_WHAT THE TASK REQUIRES_
Find "American Girl of" in the records that follow; print that line and each subsequent line through the last one, verbatim and with nothing added.

*** RECORDS SHOWN ***

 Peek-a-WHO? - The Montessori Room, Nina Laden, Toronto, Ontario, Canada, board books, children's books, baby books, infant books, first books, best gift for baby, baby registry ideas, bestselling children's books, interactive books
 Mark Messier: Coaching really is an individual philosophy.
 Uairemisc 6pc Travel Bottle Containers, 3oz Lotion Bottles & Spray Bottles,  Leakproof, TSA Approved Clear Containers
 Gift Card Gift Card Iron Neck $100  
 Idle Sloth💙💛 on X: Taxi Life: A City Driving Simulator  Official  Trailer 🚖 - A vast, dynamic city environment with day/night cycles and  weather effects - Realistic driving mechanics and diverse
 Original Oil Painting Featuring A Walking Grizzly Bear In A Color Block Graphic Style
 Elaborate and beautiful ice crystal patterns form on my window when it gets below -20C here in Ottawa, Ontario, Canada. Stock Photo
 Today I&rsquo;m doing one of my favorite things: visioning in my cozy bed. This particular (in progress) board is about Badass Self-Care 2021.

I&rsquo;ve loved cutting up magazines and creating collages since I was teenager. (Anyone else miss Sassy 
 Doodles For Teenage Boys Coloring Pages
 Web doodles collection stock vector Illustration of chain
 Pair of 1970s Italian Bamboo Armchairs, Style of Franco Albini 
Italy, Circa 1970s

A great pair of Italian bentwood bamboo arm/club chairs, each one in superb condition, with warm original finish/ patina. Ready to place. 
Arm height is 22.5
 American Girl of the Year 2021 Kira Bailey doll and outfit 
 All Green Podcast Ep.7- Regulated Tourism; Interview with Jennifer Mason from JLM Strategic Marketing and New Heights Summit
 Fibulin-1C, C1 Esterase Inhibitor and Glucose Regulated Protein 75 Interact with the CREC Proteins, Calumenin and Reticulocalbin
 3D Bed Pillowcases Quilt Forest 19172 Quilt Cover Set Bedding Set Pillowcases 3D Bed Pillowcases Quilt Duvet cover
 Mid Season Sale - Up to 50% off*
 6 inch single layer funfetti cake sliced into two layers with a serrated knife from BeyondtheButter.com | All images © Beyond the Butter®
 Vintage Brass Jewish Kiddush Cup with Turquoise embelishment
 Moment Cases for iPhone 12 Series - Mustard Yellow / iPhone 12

*** End of RECORDS SHOWN ***

_TASK ANSWER_
 American Girl of the Year 2021 Kira Bailey doll and outfit 
 All Green Podcast Ep.7- Regulated Tourism; Interview with Jennifer Mason from JLM Strategic Marketing and New Heights Summit
 Fibulin-1C, C1 Esterase Inhibitor and Glucose Regulated Protein 75 Interact with the CREC Proteins, Calumenin and Reticulocalbin
 3D Bed Pillowcases Quilt Forest 19172 Quilt Cover Set Bedding Set Pillowcases 3D Bed Pillowcases Quilt Duvet cover
 Mid Season Sale - Up to 50% off*
 6 inch single layer funfetti cake sliced into two layers with a serrated knife from BeyondtheButter.com | All images © Beyond the Butter®
 Vintage Brass Jewish Kiddush Cup with Turquoise embelishment
 Moment Cases for iPhone 12 Series - Mustard Yellow / iPhone 12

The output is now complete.